Scaling LLM Test-Time Compute Optimally can be More Effective than Scaling Model Parameters
๐ Abstract
The paper studies how large language models (LLMs) can improve their outputs by using more test-time computation. It analyzes two main mechanisms for scaling test-time compute: (1) searching against dense, process-based verifier reward models, and (2) updating the model's distribution over a response adaptively, given the prompt at test time. The key findings are:
- The effectiveness of different approaches to scaling test-time compute critically varies depending on the difficulty of the prompt.
- Applying a "compute-optimal" scaling strategy, which adaptively allocates test-time compute per prompt, can improve the efficiency of test-time compute scaling by more than 4x compared to a best-of-N baseline.
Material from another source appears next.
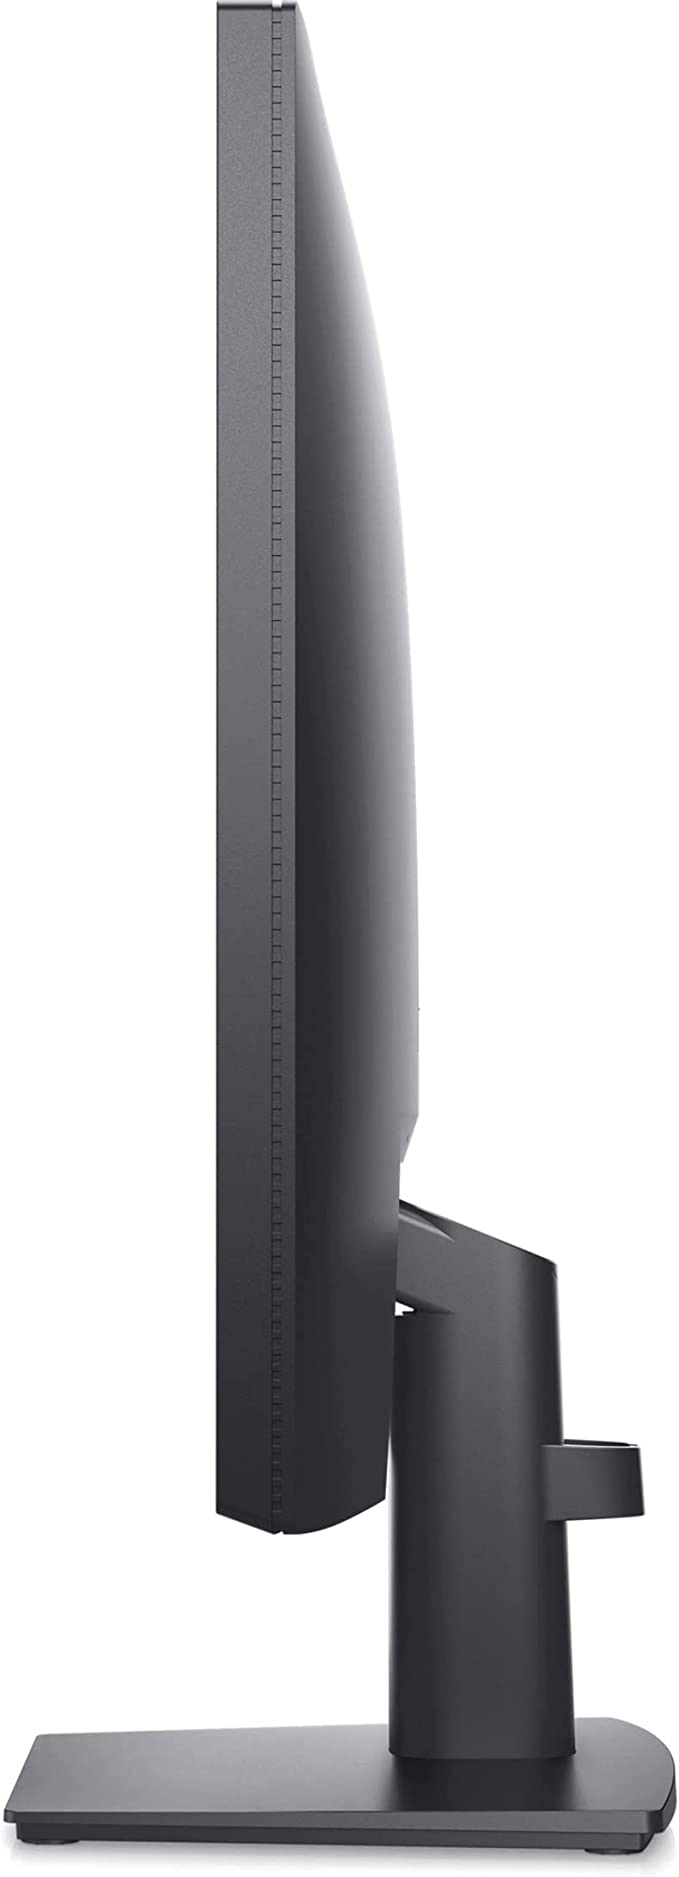 Dell E2422H 23.8" FHD 1080p LED LCD Monitor - Black

- On problems where a smaller base model attains somewhat non-trivial success rates, test-time compute can be used to outperform a 14x larger model in a FLOPs-matched evaluation.
๐ Q&A
[01] Scaling Test-Time Compute via Verifiers
1. What are the key components for using verifiers to scale test-time compute?
- Training process-based reward models (PRMs) that can provide per-step correctness predictions, without requiring human labels
- Exploring different search methods against the PRM, including best-of-N weighted, beam search, and lookahead search
- Finding that the effectiveness of the search methods depends on the difficulty of the prompt, motivating a "compute-optimal" scaling strategy
2. How does the compute-optimal scaling strategy work?
- It selects the best-performing search strategy (e.g. beam search, lookahead search) adaptively for each prompt, based on an estimate of the prompt's difficulty.
- Using oracle difficulty bins, the compute-optimal strategy can outperform a best-of-N baseline by up to 4x, by more effectively allocating the test-time compute budget.
- Even using a model-predicted notion of difficulty, the compute-optimal strategy can still provide substantial improvements over a fixed strategy.
3. How do the different search methods compare in terms of performance?
- Beam search significantly outperforms best-of-N with smaller generation budgets, but the improvements diminish as the budget is scaled up.
- Lookahead search, which uses lookahead rollouts to improve the accuracy of the PRM's value estimation, generally underperforms other methods at the same generation budget.
- The effectiveness of the search methods depends on the difficulty of the prompt, with beam search performing better on harder problems and best-of-N performing better on easier problems.
[02] Refining the Proposal Distribution
1. How do the authors enable LLMs to iteratively refine their own answers?
- They finetune the base LLM to enable it to critique and revise its own outputs in an iterative fashion, using an approach similar to the STaR method.
- This finetuning is necessary because prompting off-the-shelf models is not effective at enabling effective revisions at test time.
2. How do the authors compare sequential revisions vs. parallel sampling?
- They find that on easier problems, sequential revisions outperform parallel sampling, as the model's initial samples are more likely to be on the right track and just need refinement.
- On harder problems, parallel sampling performs better, as it allows the model to explore different high-level problem solving strategies.
3. How do the authors select the best answer from the revision sequence?
- They explore two approaches:
- Using a separate ORM verifier trained on the revision model's outputs to select the best answer within each revision trajectory and across trajectories.
- Using majority voting across all answers in the revision trajectories.
- They find that majority voting provides smoother scaling behavior compared to the hierarchical ORM-based approach.
[03] Exchanging Pretraining and Test-Time Compute
1. How do the authors define the exchange rate between pretraining and test-time compute?
- They use the common approximation that pretraining FLOPs scale with model parameters and number of pretraining tokens, while inference FLOPs scale with the number of generated tokens.
- They define a ratio R that captures the relative scale of pretraining vs. inference tokens, and analyze the tradeoffs for different values of R.
2. What are the key findings on exchanging pretraining and test-time compute?
- For easier and intermediate questions, and even some harder questions, additional test-time compute can outperform scaling up pretraining, in a FLOPs-matched setting.
- However, on the most challenging questions, scaling up pretraining is more effective than scaling up test-time compute using the current approaches.
- This suggests that while test-time compute scaling can already be preferable to pretraining scaling in some settings, further improvements to test-time compute strategies are needed to make it fully exchangeable with pretraining.